Сельский пейзаж тоже переменчив: плоские открытые участки стремительно чередуются с лесными, и возделанные поля Дорчестера совершенно не похожи на густые леса Кливдена. Ниже Годстоу речные берега становятся местом отдыха: сплошное веселье, жизнерадостность, ялики и плоскодонки, водно-спортивные состязания в Порт-Медоу, пикники у воды близ Бинзи. Но дальше происходит некая перемена колорита: все делается темно-зеленым, река окружена растительностью, как в джунглях, а затем с воды становятся видны здания Оксфорда, и Темза опять преображается. Оксфорд – разделительная точка. Отсюда можно взглянуть вверх, на тихий исток, можно вниз, на грядущую лондонскую огромность.
Перед Лечлейдом река течет через безлюдные пастбища; в Уоппинге и Ротерхайте здания теснятся так, что, кажется, едва не падают в в воду. Темза равно питает сельское и городское начала. Вот почему одни участки реки навевают покой и забвение, другие рождают тревогу и отчаяние. Это река сновидений и вместе с тем река самоубийств. Ее потому называли текучей историей, что она растворяет и несет в себе все эпохи и все поколения.
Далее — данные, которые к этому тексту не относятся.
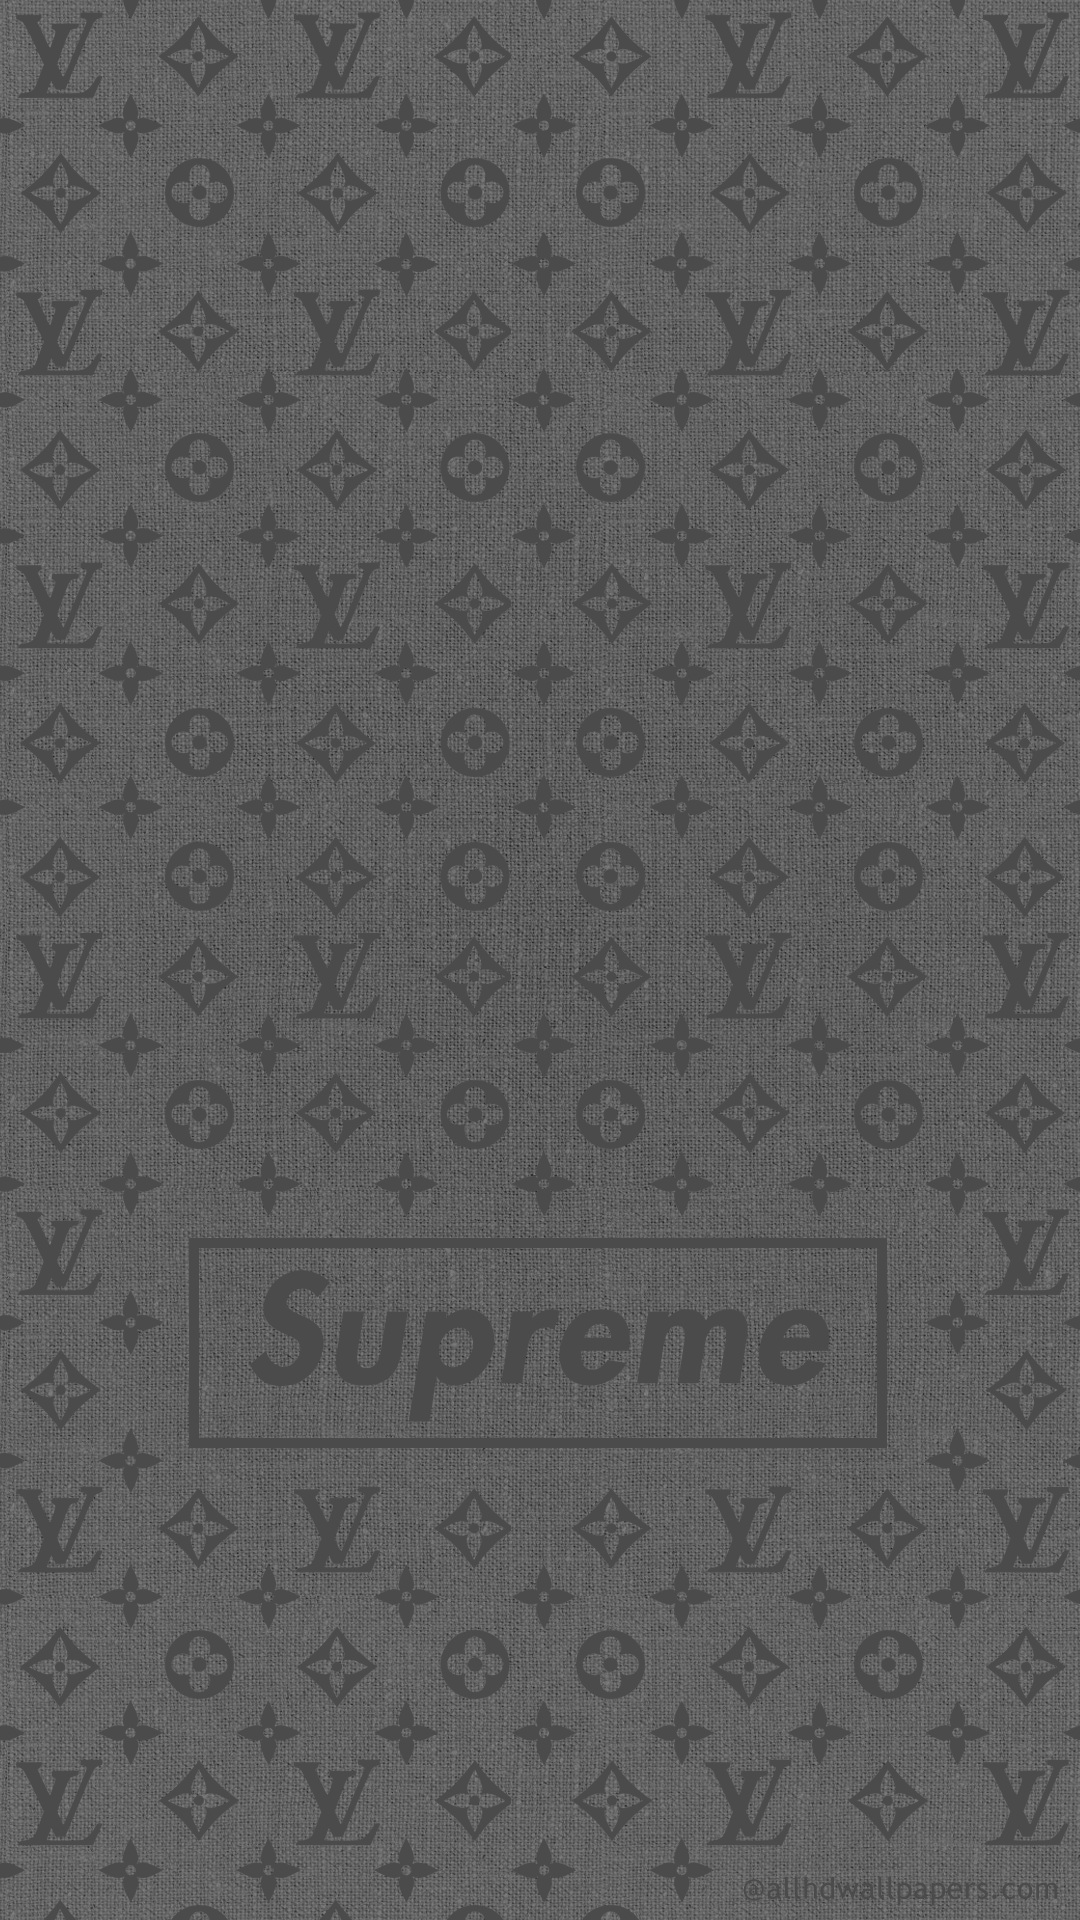 70 Supreme Wallpapers in 4K   AllHDWallpapers 1080x1920

Они движутся, завихряясь, подобно воде.
Глава 2
Река как метафора
Река течет и сквозь наш язык, и мы говорим о ее воздействии в любом мыслимом контексте. О ней вспоминают, когда речь заходит о жизни и смерти, времени и судьбе; она служит метафорой непрерывности и растворения, обволакивающей близости и мимолетной эфемерности, искусства и истории, поэзии как таковой. В “Принципах психологии” (1890) Уильям Джеймс впервые употребил термин “поток сознания”: “всякий отчетливый образ, рождаемый разумом, погружен… в свободно обтекающую его струю”. То есть наше сознание подобно реке. Но река с ее глубиной, с ее невидимой подводной жизнью ассоциируется и с миром бессознательного.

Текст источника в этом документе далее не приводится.